*** DATA BLOCK Section Begins ***

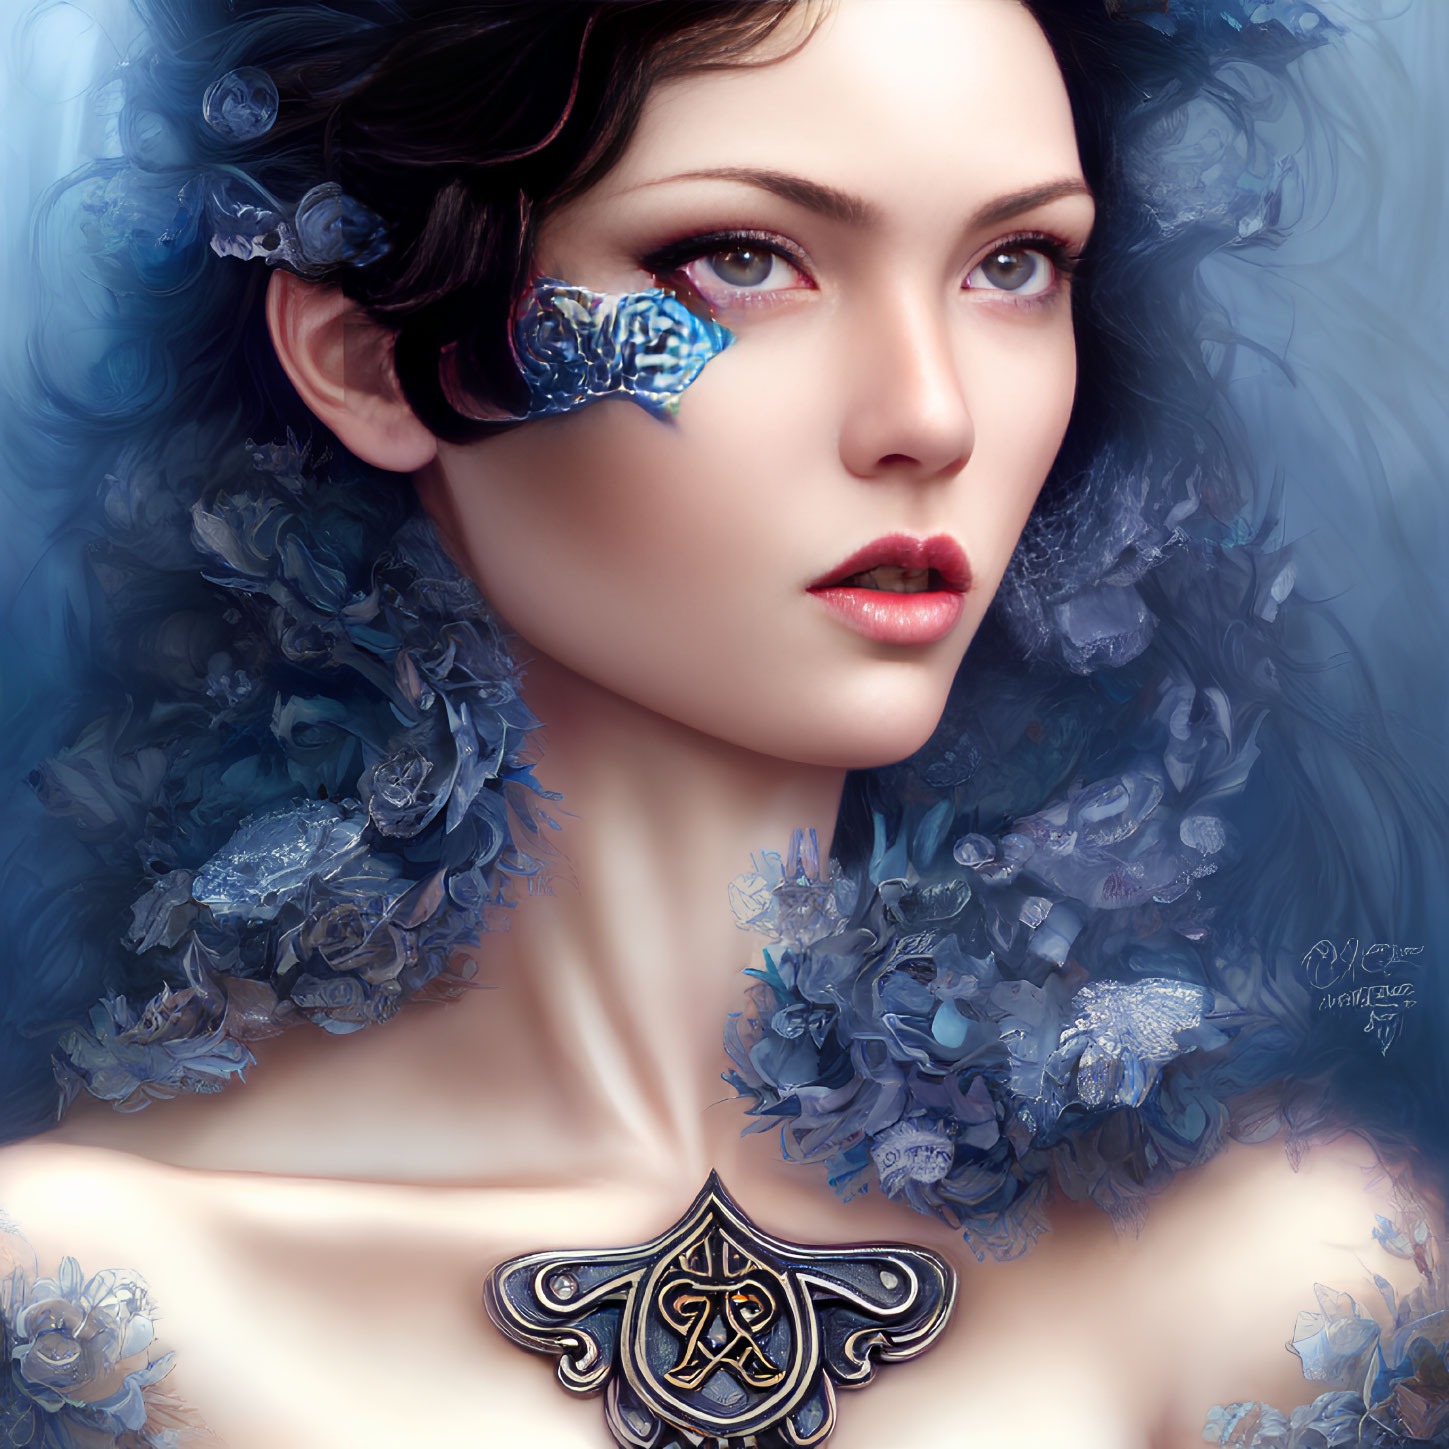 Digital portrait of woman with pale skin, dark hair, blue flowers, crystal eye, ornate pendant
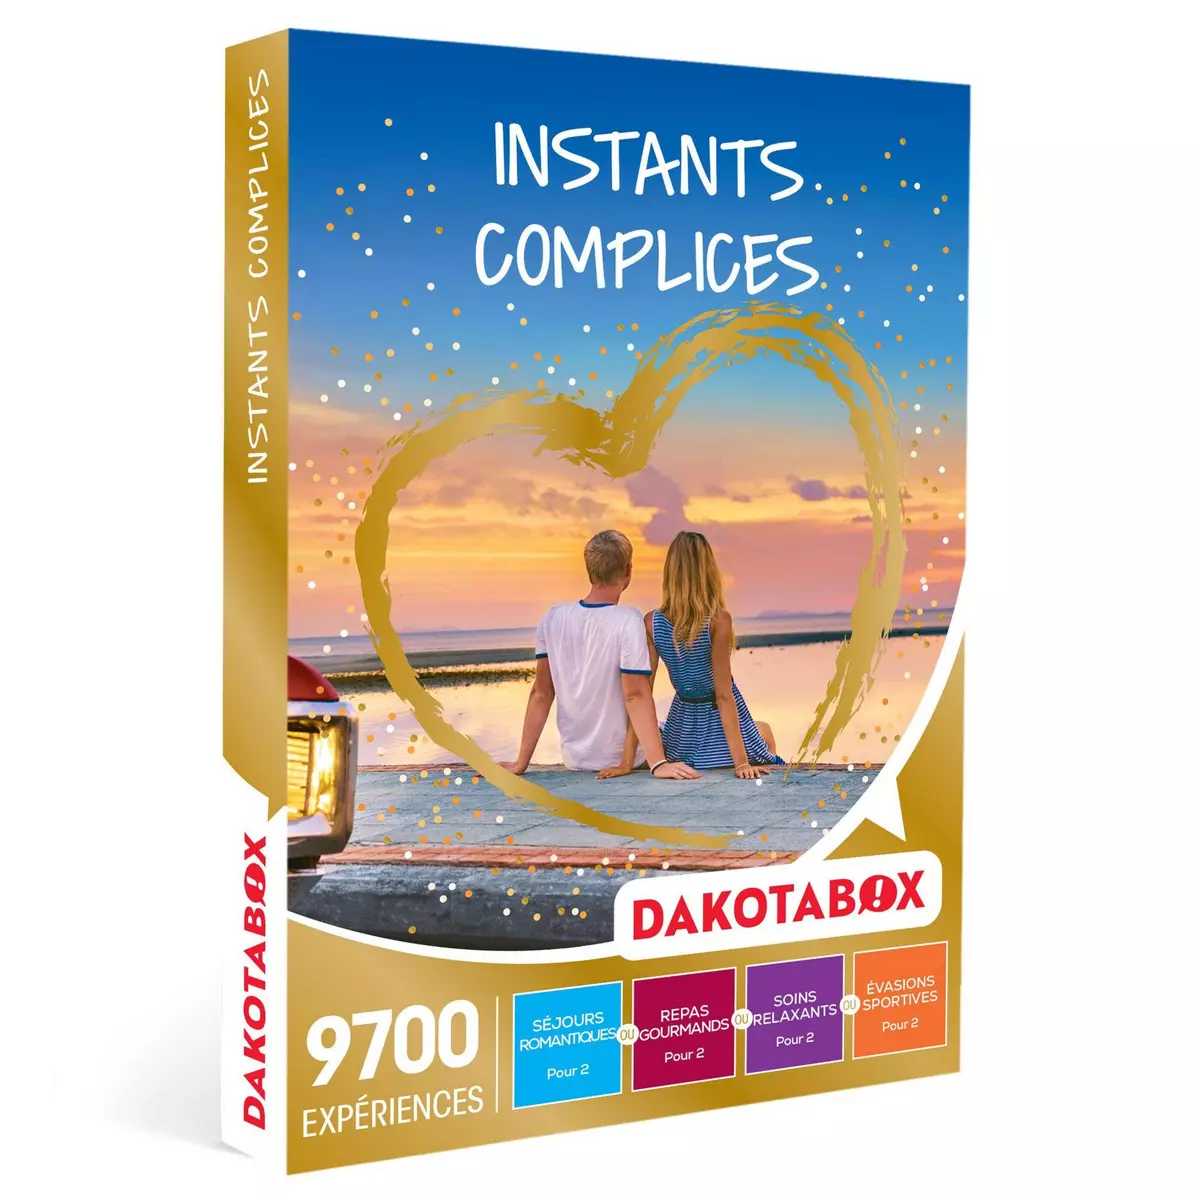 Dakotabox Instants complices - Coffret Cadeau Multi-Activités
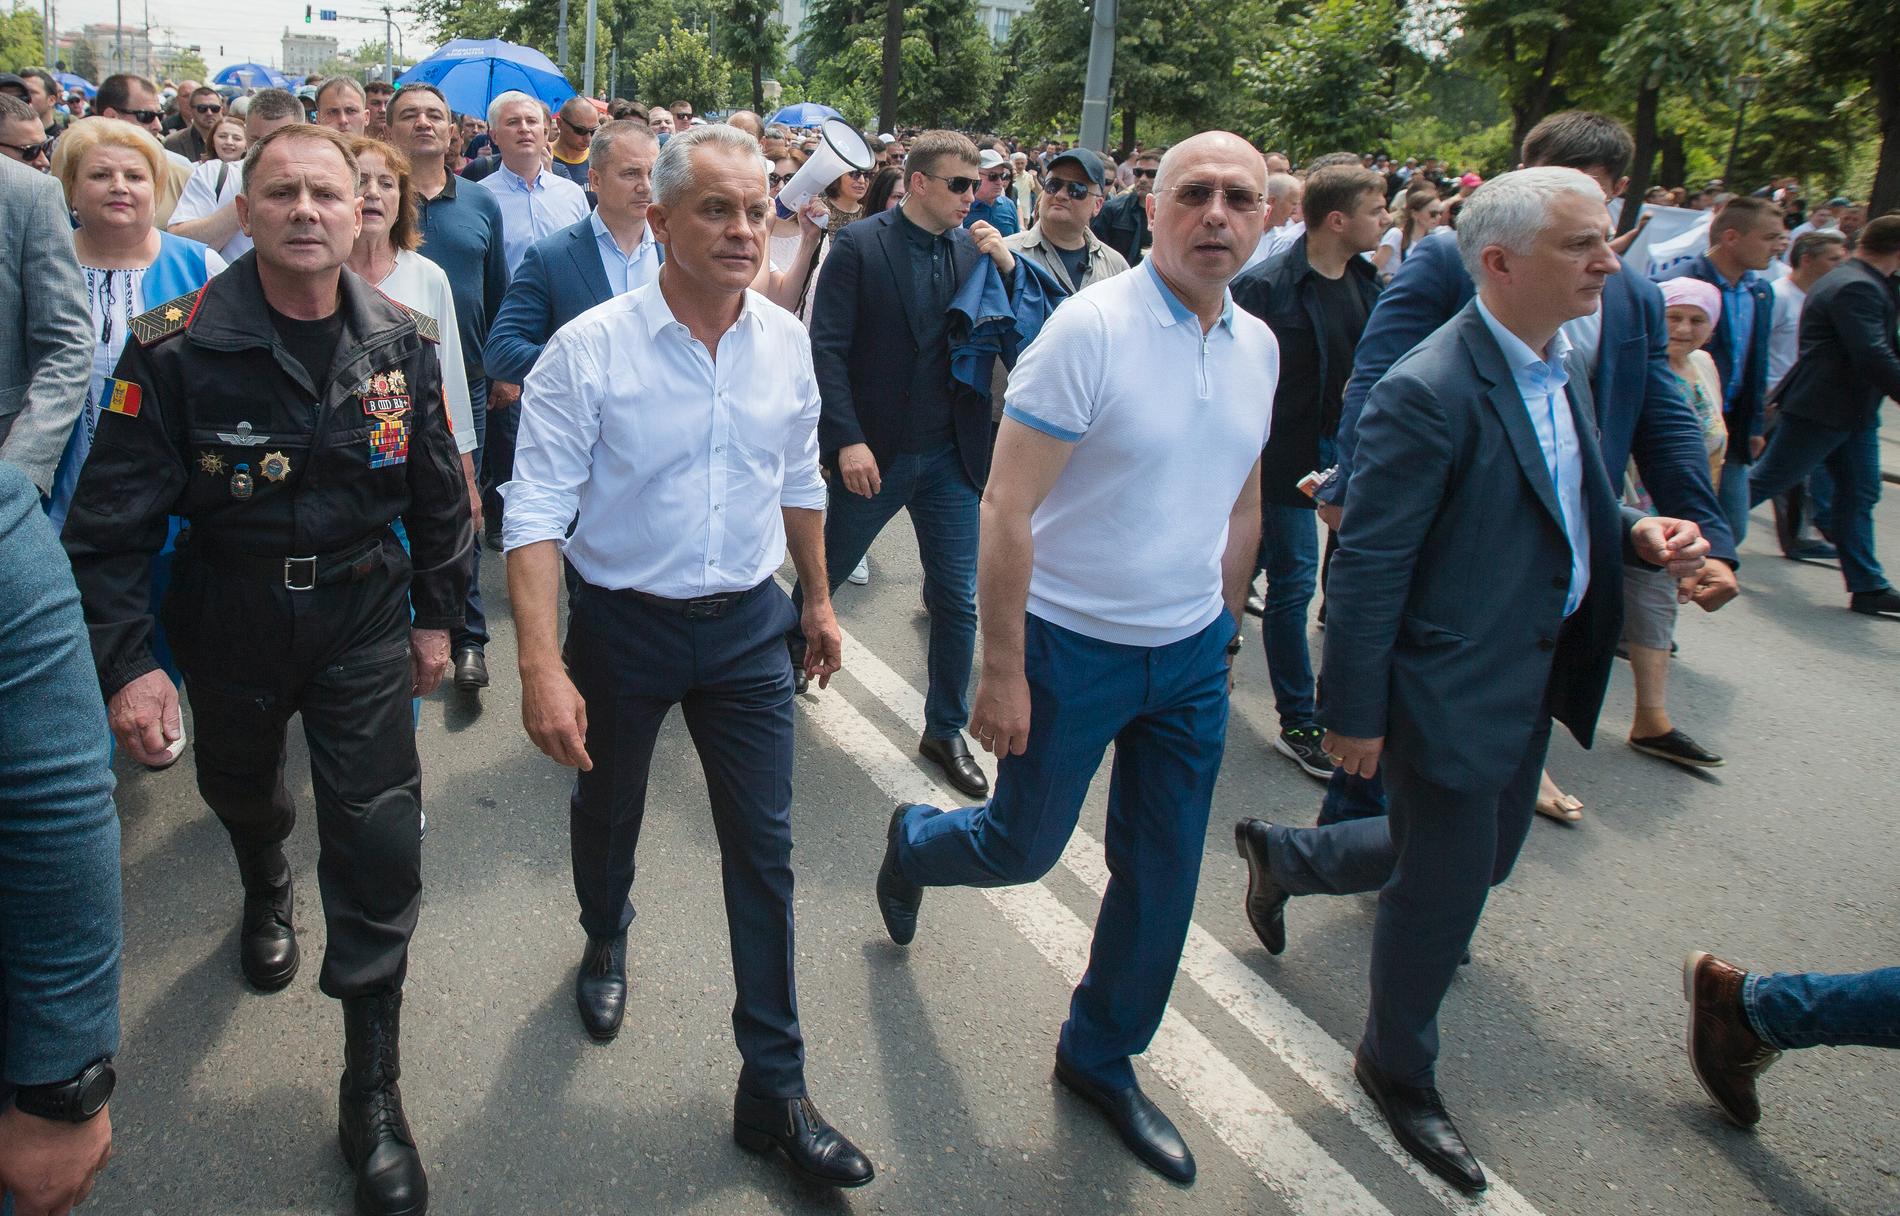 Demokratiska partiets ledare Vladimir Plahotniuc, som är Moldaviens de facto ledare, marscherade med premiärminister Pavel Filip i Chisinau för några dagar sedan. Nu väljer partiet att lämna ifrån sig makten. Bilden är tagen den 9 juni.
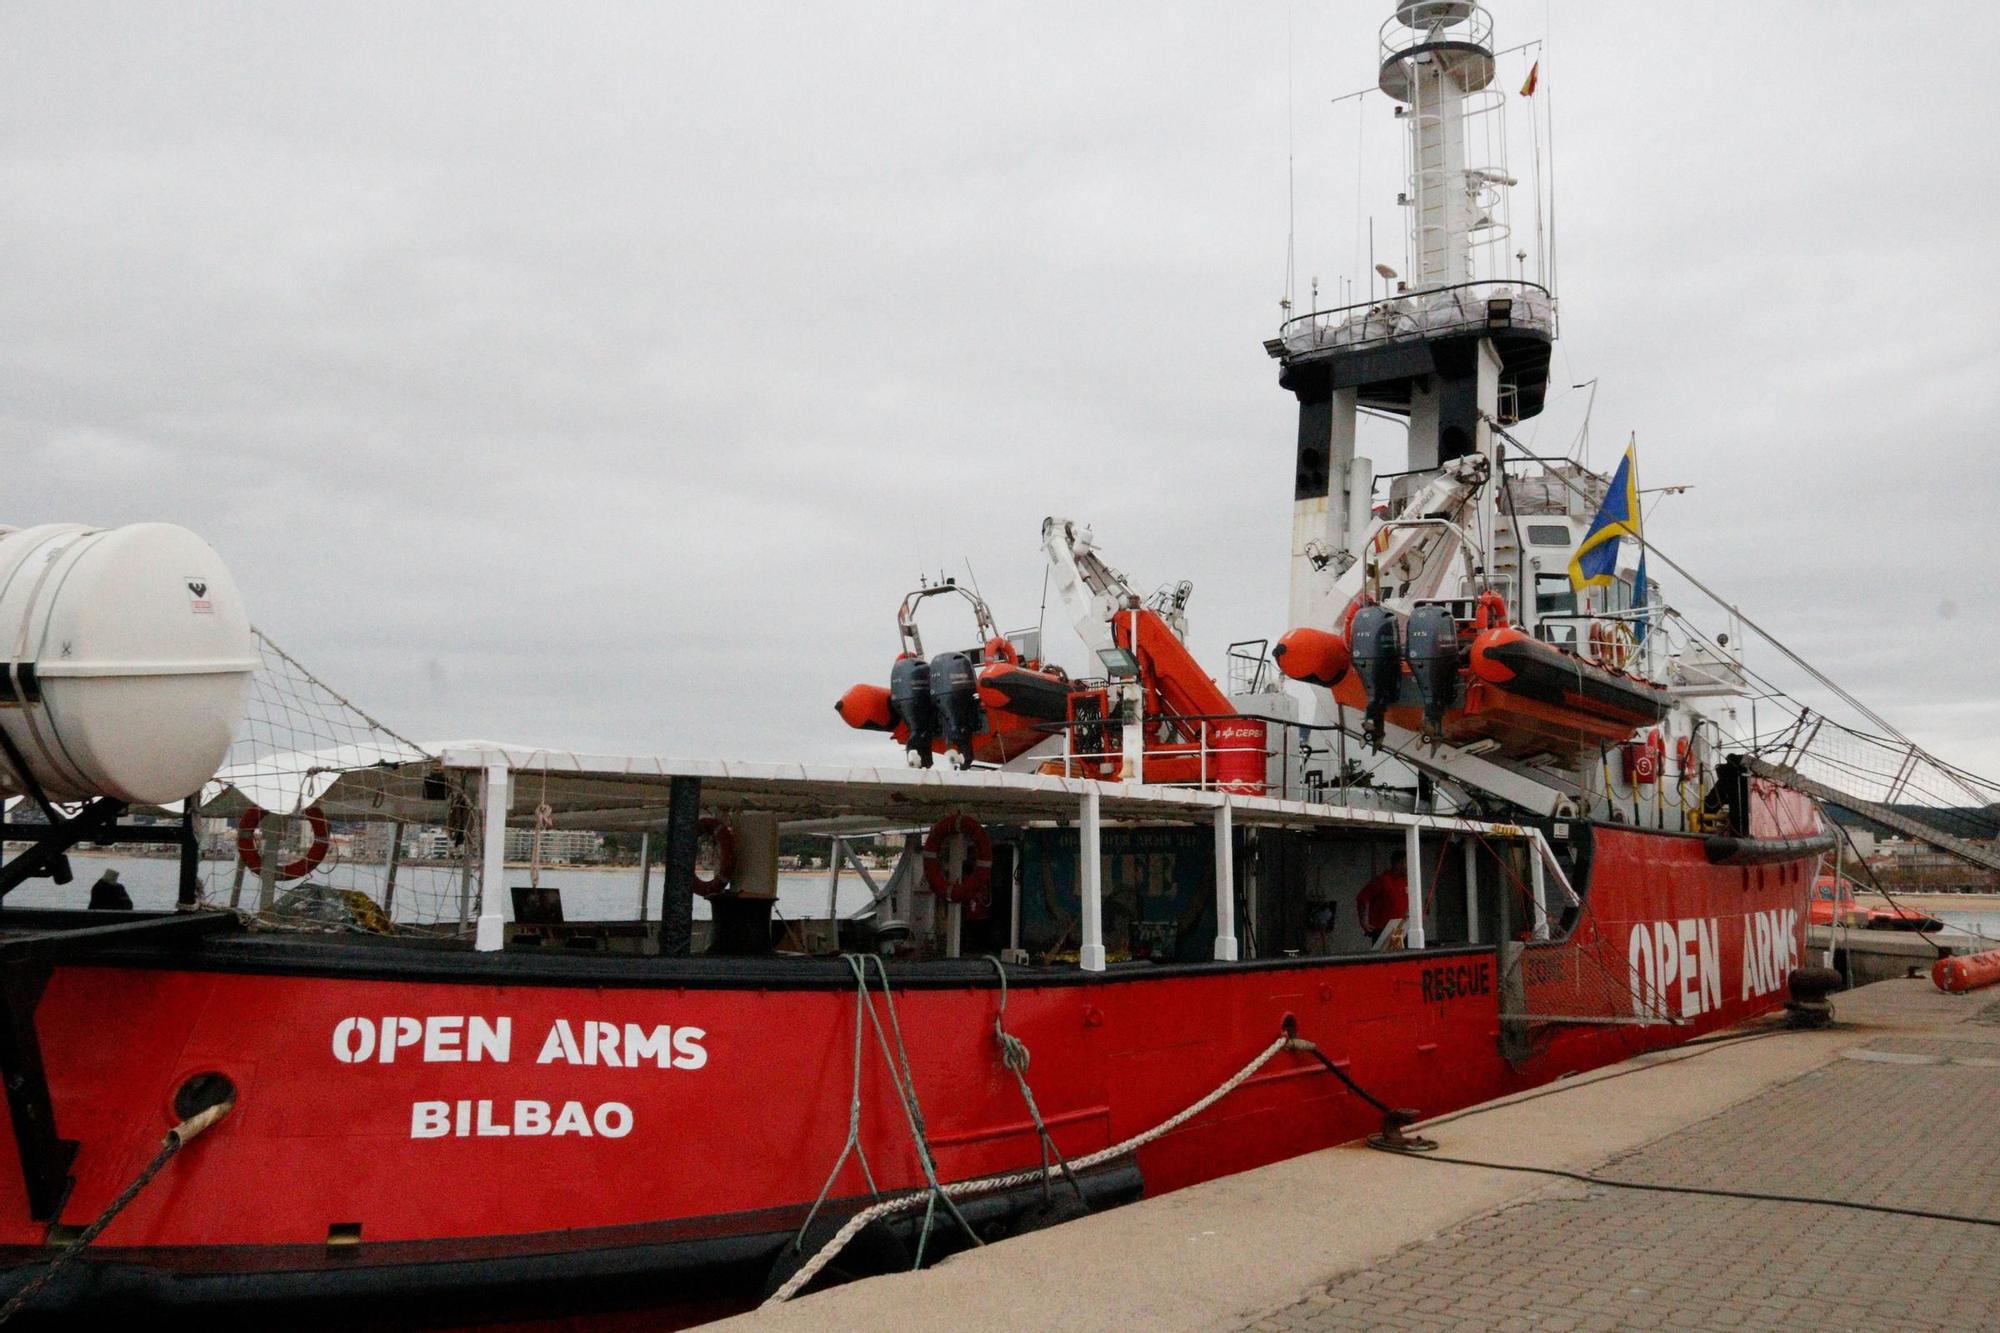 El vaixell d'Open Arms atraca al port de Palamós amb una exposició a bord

*** DATA BLOCK Section Ends ***

— TASK STATEMENT —
Without including any pictures, reproduce the listing exactly.

— SOLUTION —
 Digital portrait of woman with pale skin, dark hair, blue flowers, crystal eye, ornate pendant
 Dakotabox Instants complices - Coffret Cadeau Multi-Activités
 Demokratiska partiets ledare Vladimir Plahotniuc, som är Moldaviens de facto ledare, marscherade med premiärminister Pavel Filip i Chisinau för några dagar sedan. Nu väljer partiet att lämna ifrån sig makten. Bilden är tagen den 9 juni.
 El vaixell d'Open Arms atraca al port de Palamós amb una exposició a bord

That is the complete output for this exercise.